| PROVIDED DATA |

————————

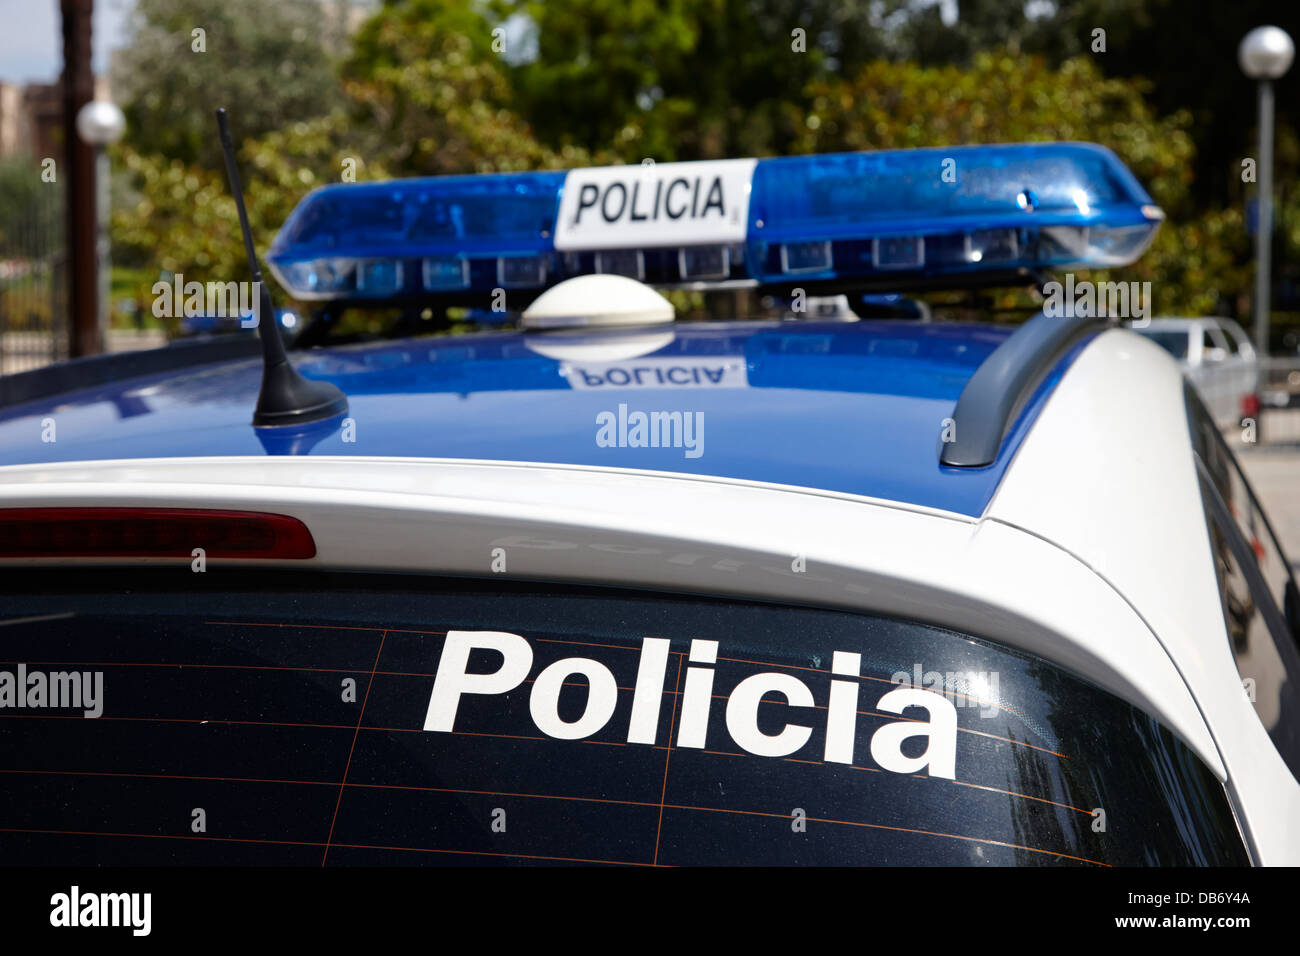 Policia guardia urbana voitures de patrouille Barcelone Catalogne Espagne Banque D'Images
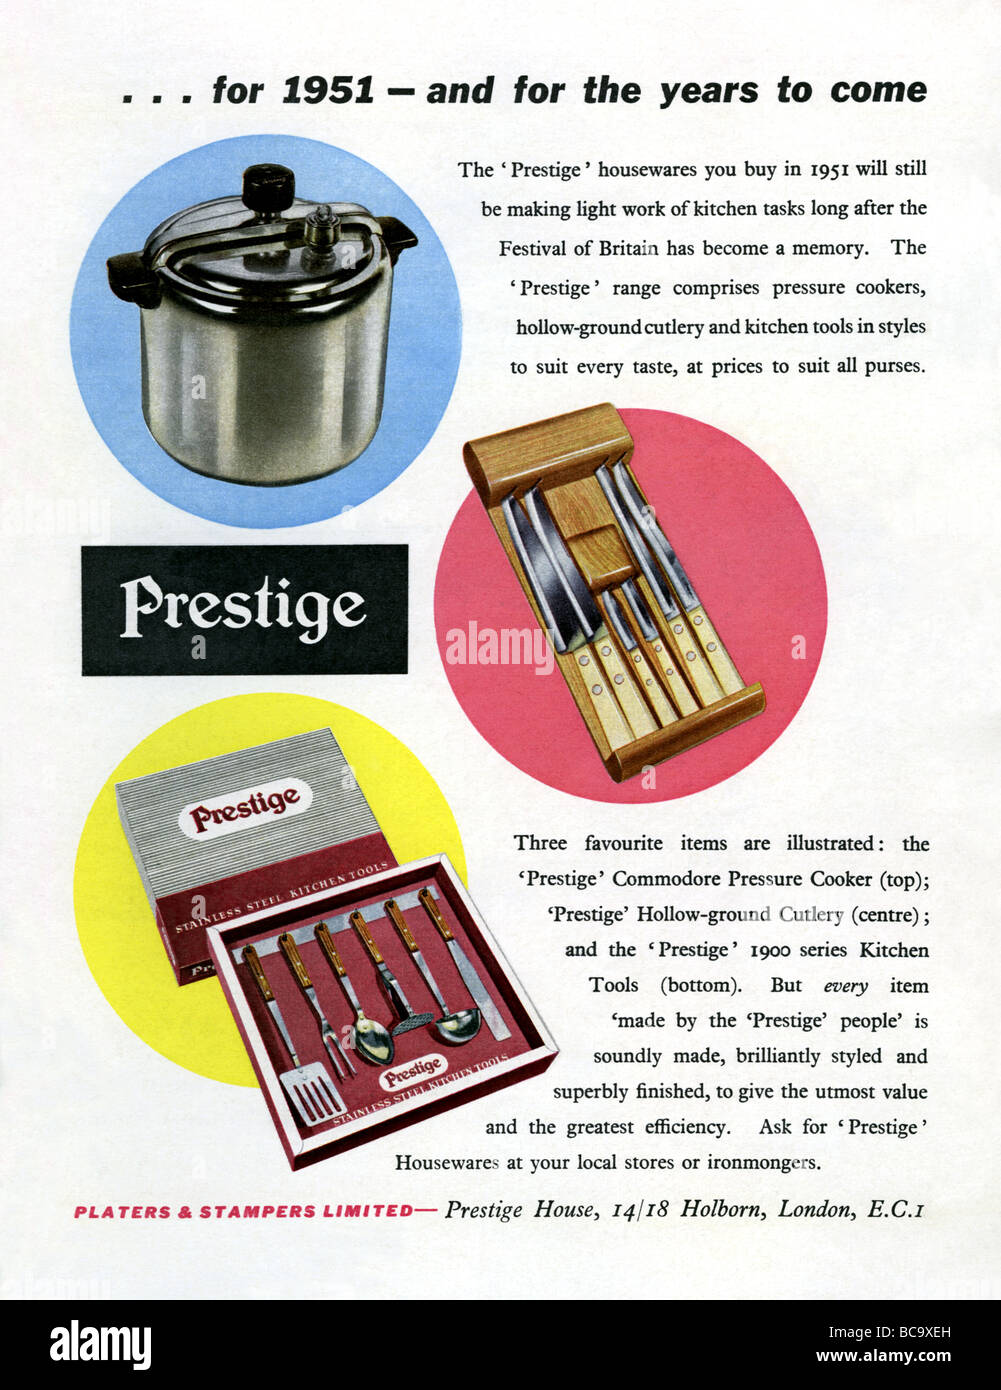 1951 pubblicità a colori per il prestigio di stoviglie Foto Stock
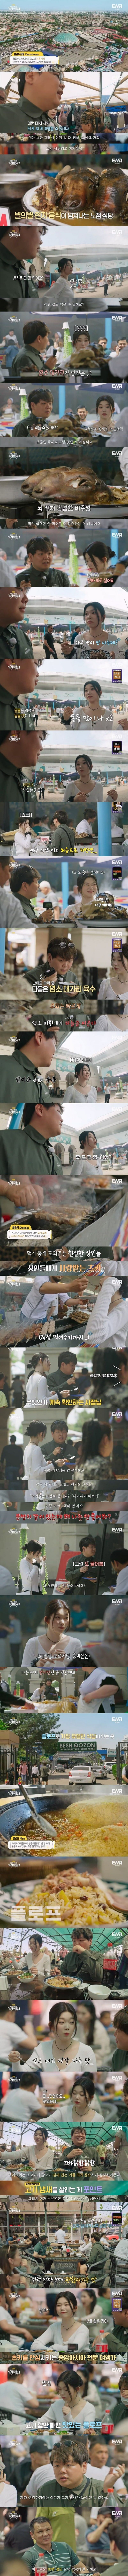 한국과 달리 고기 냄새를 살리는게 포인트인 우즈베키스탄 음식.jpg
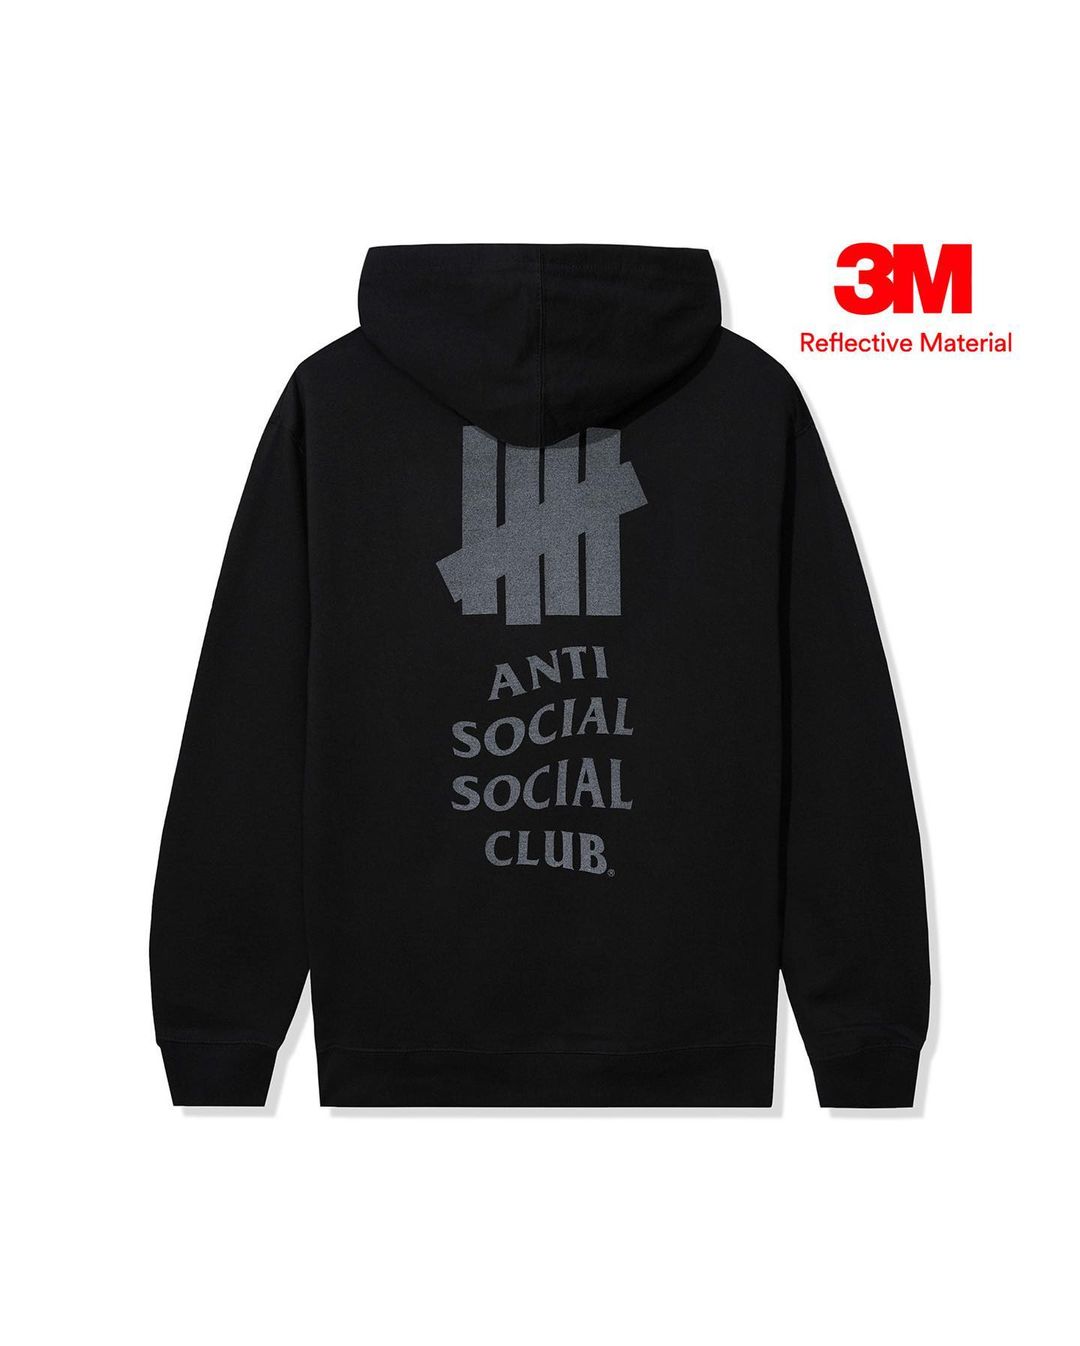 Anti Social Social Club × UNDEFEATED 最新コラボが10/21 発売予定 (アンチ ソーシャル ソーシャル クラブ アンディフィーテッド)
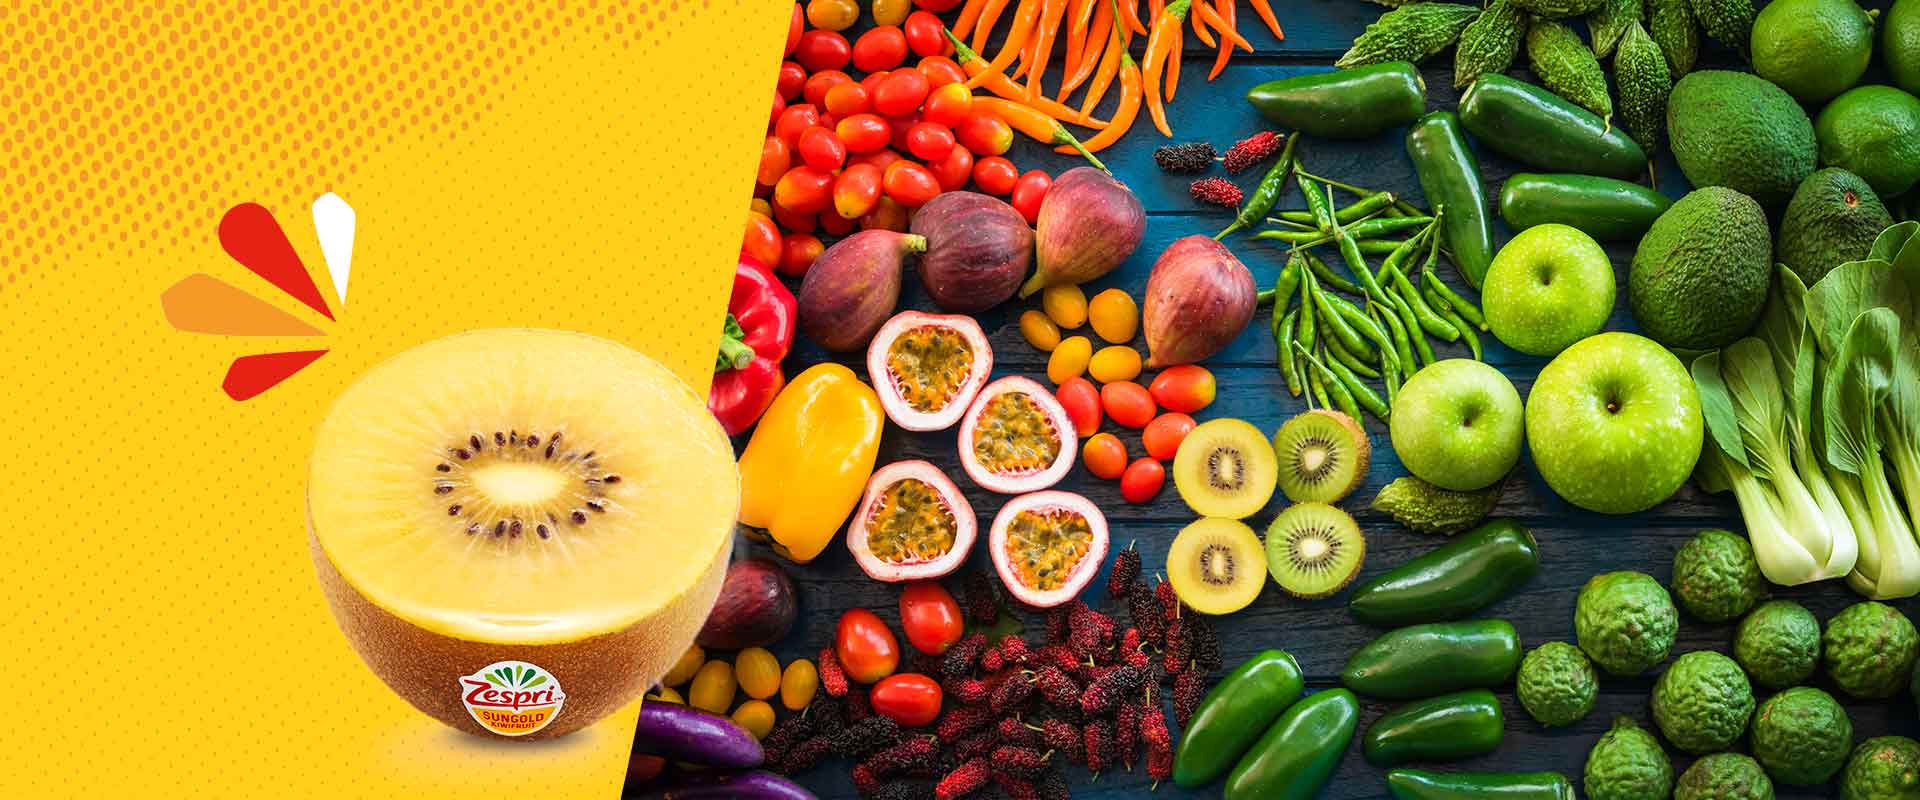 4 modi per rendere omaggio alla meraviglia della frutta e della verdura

————————

| PROBLEM DESCRIPTION |
Copy out every entry above verbatim. Leave each picture out.

| SOLUTION |
 Policia guardia urbana voitures de patrouille Barcelone Catalogne Espagne Banque D'Images
 1951 pubblicità a colori per il prestigio di stoviglie Foto Stock
 한국과 달리 고기 냄새를 살리는게 포인트인 우즈베키스탄 음식.jpg
 Anti Social Social Club × UNDEFEATED 最新コラボが10/21 発売予定 (アンチ ソーシャル ソーシャル クラブ アンディフィーテッド)
 4 modi per rendere omaggio alla meraviglia della frutta e della verdura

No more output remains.